While the U.S. Fish and Wildlife Service dallied in designating critical habitat for the threatened yellow-billed cuckoo, the situation for the beloved song birds worsened. Climate change and habitat degradation have led to serious population declines. But instead of stepping up efforts to protect these tiny long-tailed birds that were listed as threatened in 2014, FWS has now indicated it’s going to strip them of their ESA listing, prompting FoA’s Wildlife Law Program to once again step in to protect them.

FoA along with WildEarth Guardians filed comments with FWS in June calling on the federal agency to rely on scientific studies and verified reports as required by law and not just citizen science when evaluating data about the need to protect a species.

Yellow-billed Cuckoos have been on the decline since the mid-1800s and breeding cuckoos have been extirpated over much of their midwestern range. Once common from Seattle to Arizona, the western cuckoos have disappeared completely from the Pacific Northwest. Dams, livestock grazing, and conversion of flood plains for agriculture have encroached on their riparian environs. Development along rivers has destroyed as much of 90 percent of the birds’ habitat and loss of insect prey from pesticides along with draught and climate change have also threatened their survival.

This spring, FoA won a lawsuit requiring FWS to designate critical habitat for the birds—as mandated by an ESA listing — by August.

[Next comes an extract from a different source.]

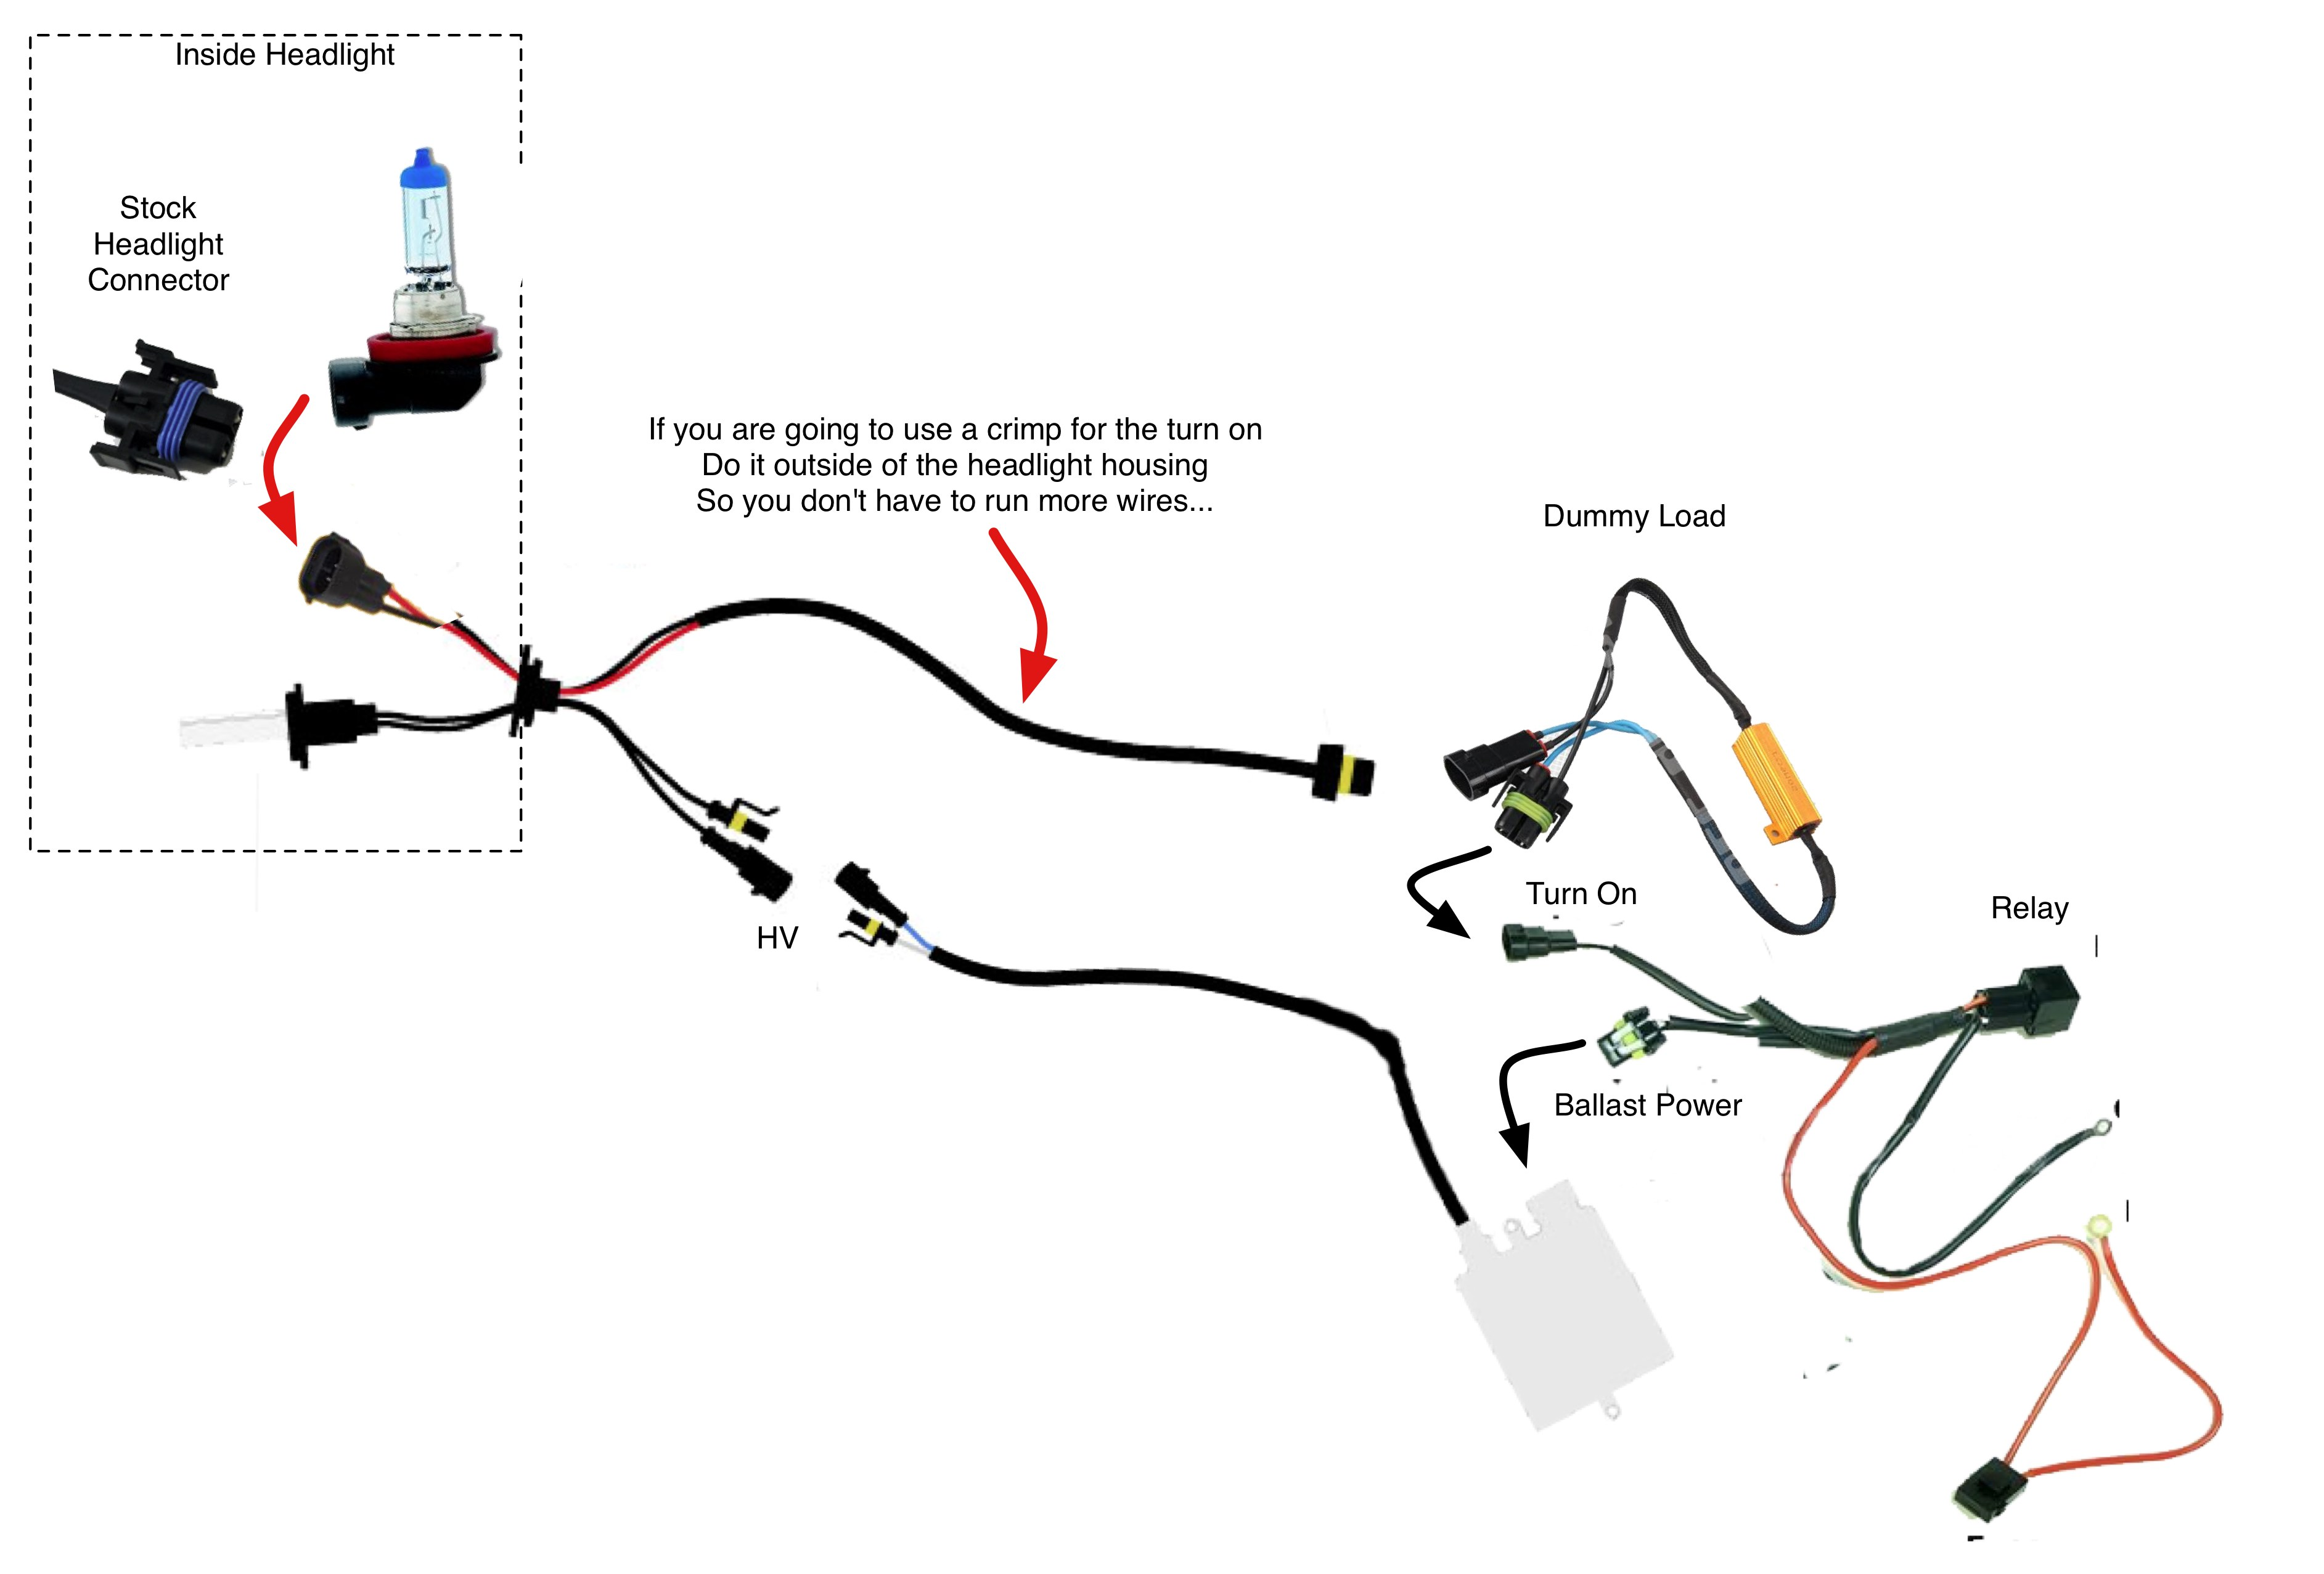 relayharness?resize=665%2C451 1998 volvo v70 radio wiring diagram wiring diagram,1998 Volvo V70 Radio Wiring Diagrams

But now FWS has indicated it’s going to delist the birds all together.

“The short-sighted interests of some in the ranching and mining industries are pressuring this administration to delist this remarkable songbird” said Jennifer Best, WLP assistant director. “If their political wishes win out over the needs of the western yellow-billed cuckoo, then they will continue to exploit riparian habitat desperately needed by the last remaining yellow-billed cuckoos. Protection under the ESA is critical to the survival of the songbird and valuable river ecosystems.”

A coalition of mainly cattle ranching and mining interests asked the U.S. Fish and Wildlife Service to remove ESA protections from the cuckoo in 2017.

“The claims in the delisting petition are unreliable and unsound,” said Taylor Jones, endangered species advocate for WildEarth Guardians. “All the best available science indicates that these rare birds are still declining and in need of protection.”